Remotely connect to the Windows instance.
For more information, see Connect to a Windows instance by using a password.
Start FileZilla.
You can visit the official website of FileZilla to download FileZilla.
In the top navigation bar, choose File> Site Manager.
In the Site Manager dialog box, click New Site. Then, specify the name of your website in the Select Entry section. In this example, the name is set to GA Acceleration.

In the General section, configure the following parameters.

Parameter	Description
Protocol	Select FTP - File Transfer Protocol from the drop-down list.
Host	Enter the IP address used to log on to the FTP server. The IP address is the accelerated IP address allocated by GA.
User	Enter the username of the FTP server, which is `ftpdemo`.
Password	Enter the password used to log on to the FTP server.

Keep the default values for parameters that are not included in the preceding table.

Click Connect to connect to the FTP server.

After you connect to the FTP server, you can upload, download, create, and delete website files. The FileZilla interface is shown in the following figure. 上传文件

The following table describes different sections on the FileZilla interface.

No.	Description
①	Commands, the connection status of the FTP server, and task execution results are shown.
②	The section of local disks.
③	The section of the remote site. You can double-click a directory to access the directory.
④	The section that displays records, including the queues and logs of the FTP task.

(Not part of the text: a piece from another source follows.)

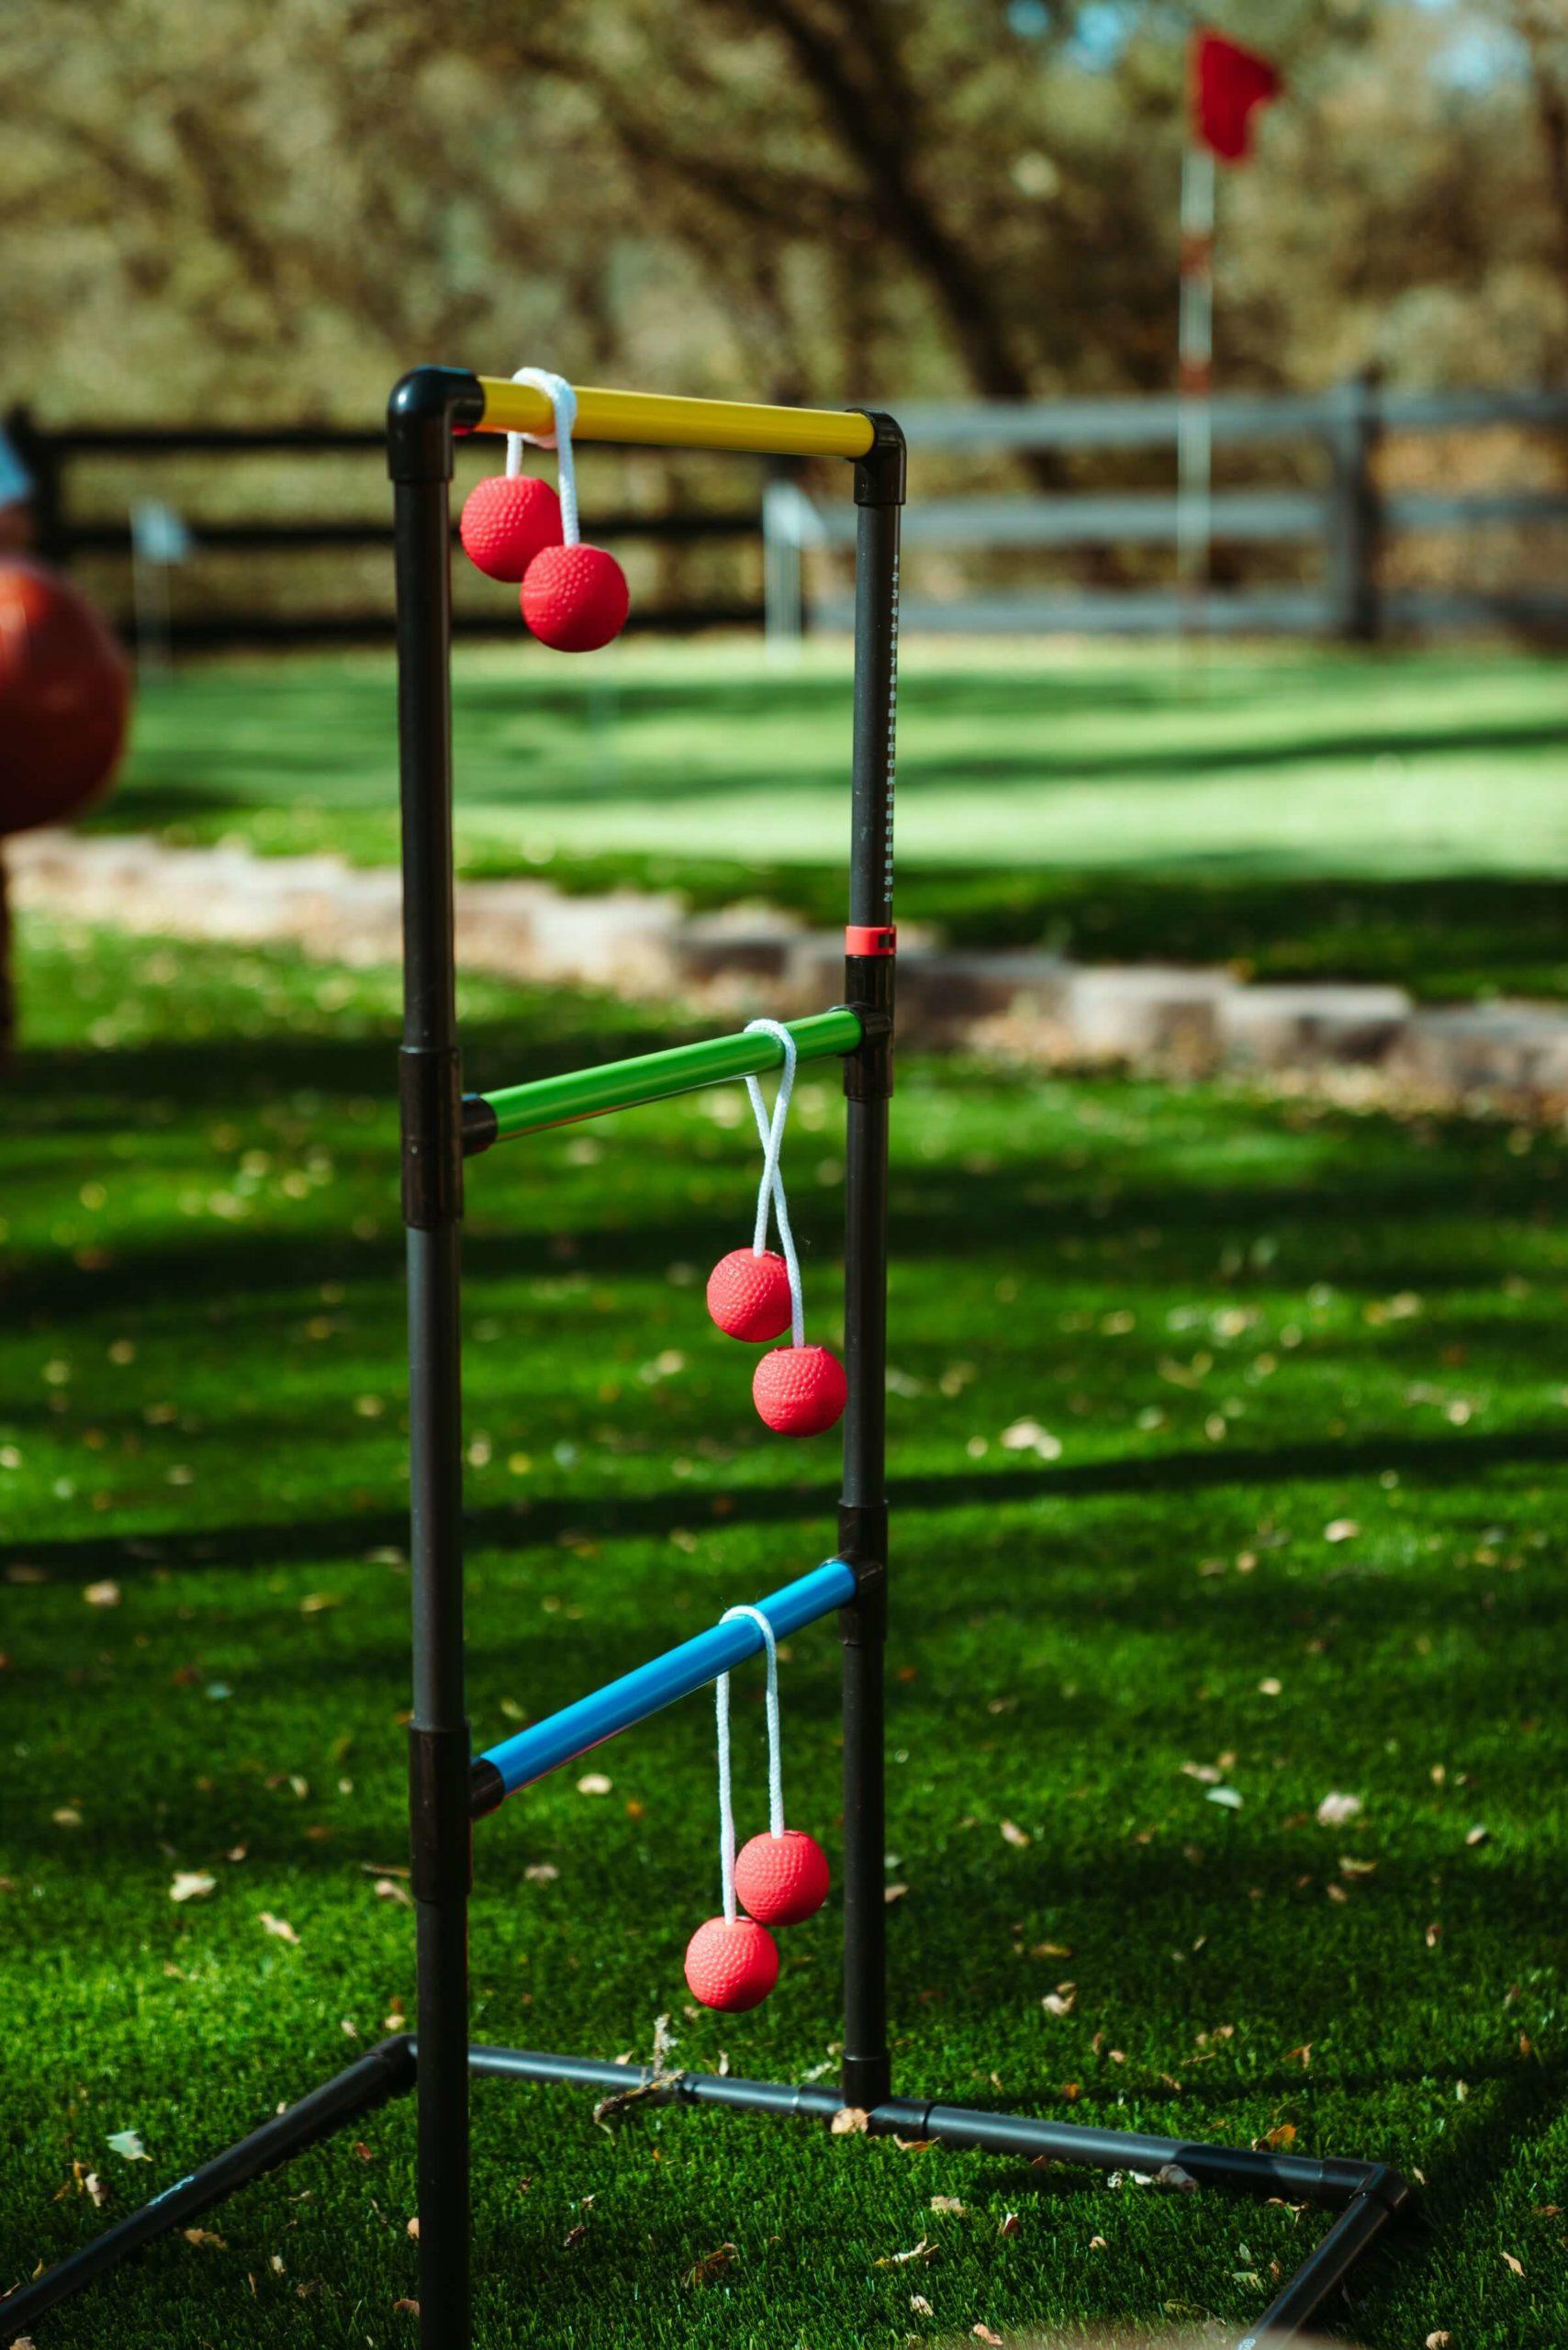 Ladder Ball tailgate game

Open the CLI and run the following command to check the latency of data transmission:
```
curl
-o /dev/null -s -w "time_connect: %{time_connect}\ntime_starttransfer:
%{time_starttransfer}\ntime_total: %{time_total}\n" ftp://<Accelerated IP address allocated by GA>/<File path> --user <username>:<password>
```
Parameter descriptions:
- time_connect: the period of time that it takes to establish a TCP connection. Unit: seconds.
- time_starttransfer: the start time of data transfer. The start time refers to the amount of time from when the client sends a request to the backend server to when the first byte is sent to the client. Unit: seconds.
- time_total: the total connection time. The total connection time refers to the amount of time from when the client sends a request to when the client receives the last byte from the backend server. Unit: seconds.
The test result indicates that GA reduces network latency when the FTP client in the China (Hong Kong) region accesses the FTP server in the US (Silicon Valley) region.
Figure 1. Network latency before acceleration
Figure 2. Network latency after acceleration
Note
When you use GA to accelerate FTP services, the actual acceleration performance varies based on your workloads.